Malgré l'évidente lassitude de son convive, il s'attardait à boire son café; et il versait du cognac dans sa tasse pour la troisième fois, lorsque, ayant tiré sa montre, il se leva en sursaut.

--Fichtre! deux heures, et moi qui ai une séance du conseil municipal!... Oui, il s'agit d'un chemin. Nous consentons bien à en payer la moitié, mais nous voudrions obtenir une subvention de l'État, pour le reste.

M. de Chédeville avait quitté sa chaise, heureux, délivré.

--Dites donc, je puis vous être utile, je vais vous l'obtenir, votre subvention... Voulez-vous que je vous conduise à Rognes dans mon cabriolet, puisque vous êtes pressé?

--Parfait!

Et Hourdequin sortit pour faire atteler la voiture, qui était restée au milieu de la cour. Quand il rentra, il ne trouva plus le député, il finit par l'apercevoir dans la cuisine. Celui-ci avait poussé la porte, et il se tenait là souriant, devant Jacqueline épanouie, à la complimenter de si près que leurs faces se touchaient presque: tous deux s'étaient flairés, s'étaient compris, et se le disaient, d'un clair regard.

Lorsque M. de Chédeville fut remonté dans son cabriolet, la Cognette retint un moment Hourdequin, pour lui souffler à l'oreille:

--Hein? il est plus gentil que toi, il ne trouve pas que je suis bonne à cacher, lui?

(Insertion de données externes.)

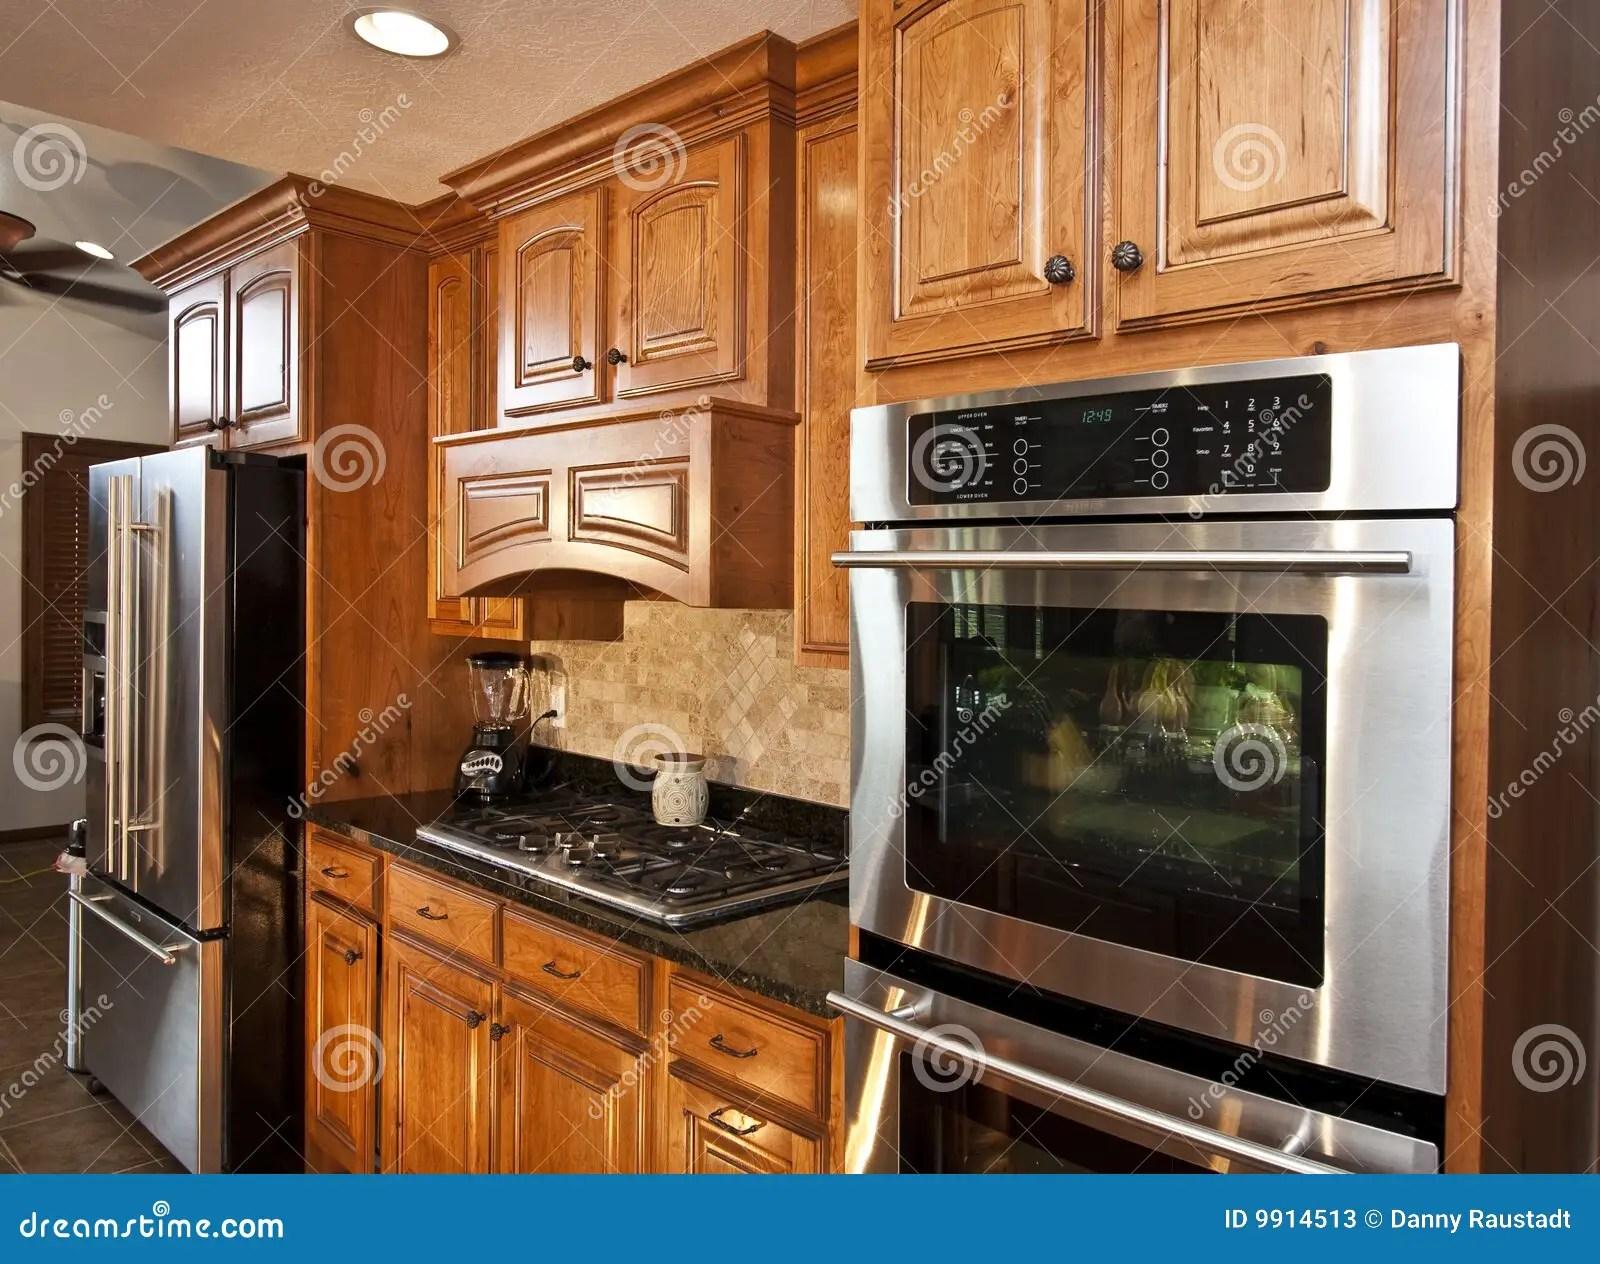 new kitchen appliances lights under cabinets modern stove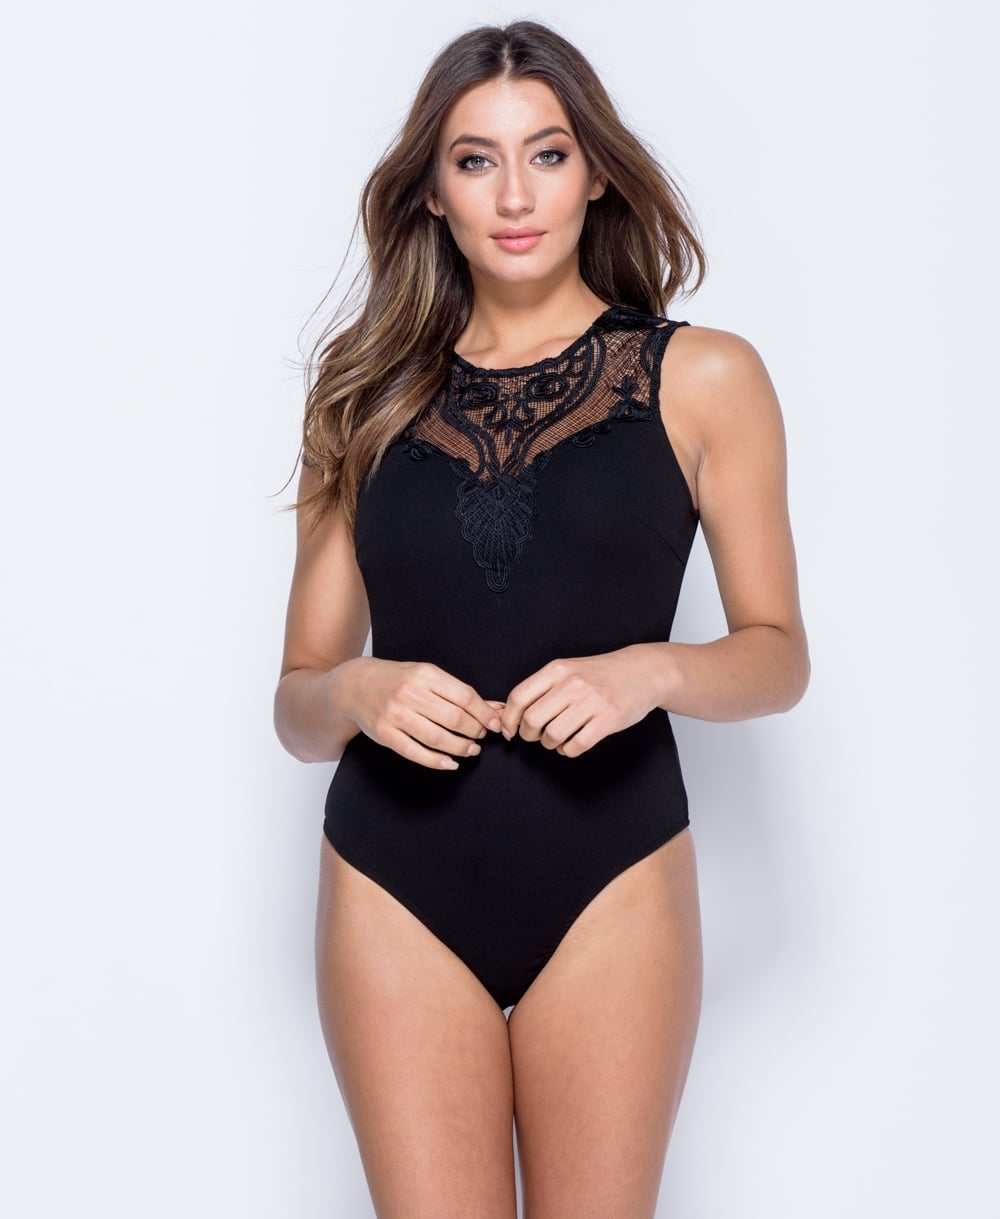 5142dd9be8d Tops-Κορμάκια-Μπλούζες | Sexy Κορμάκι ελαστικό με δαντέλα

En chemin, pendant que la voiture roulait entre les pièces de blé, le fermier revint à la terre, à son éternel souci. Il offrait maintenant des notes écrites, des chiffres, car lui, depuis quelques années, tenait une comptabilité. Dans la Beauce, ils n'étaient pas trois à en faire autant, et les petits propriétaires, les paysans haussaient les épaules, ne comprenaient même pas. Pourtant, la comptabilité seule établissait la situation, indiquait ceux des produits qui étaient à profit, ceux qui étaient à perte; en outre, elle donnait le prix de revient et par conséquent de vente. Chez lui, chaque valet, chaque bête, chaque culture, chaque outil même, avait sa page, ses deux colonnes, le _Doit_ et l'_Avoir_, si bien que, continuellement, il se trouvait renseigné sur le résultat de ses opérations, bon ou mauvais.

--Au moins, dit-il avec son gros rire, je sais comment je me ruine.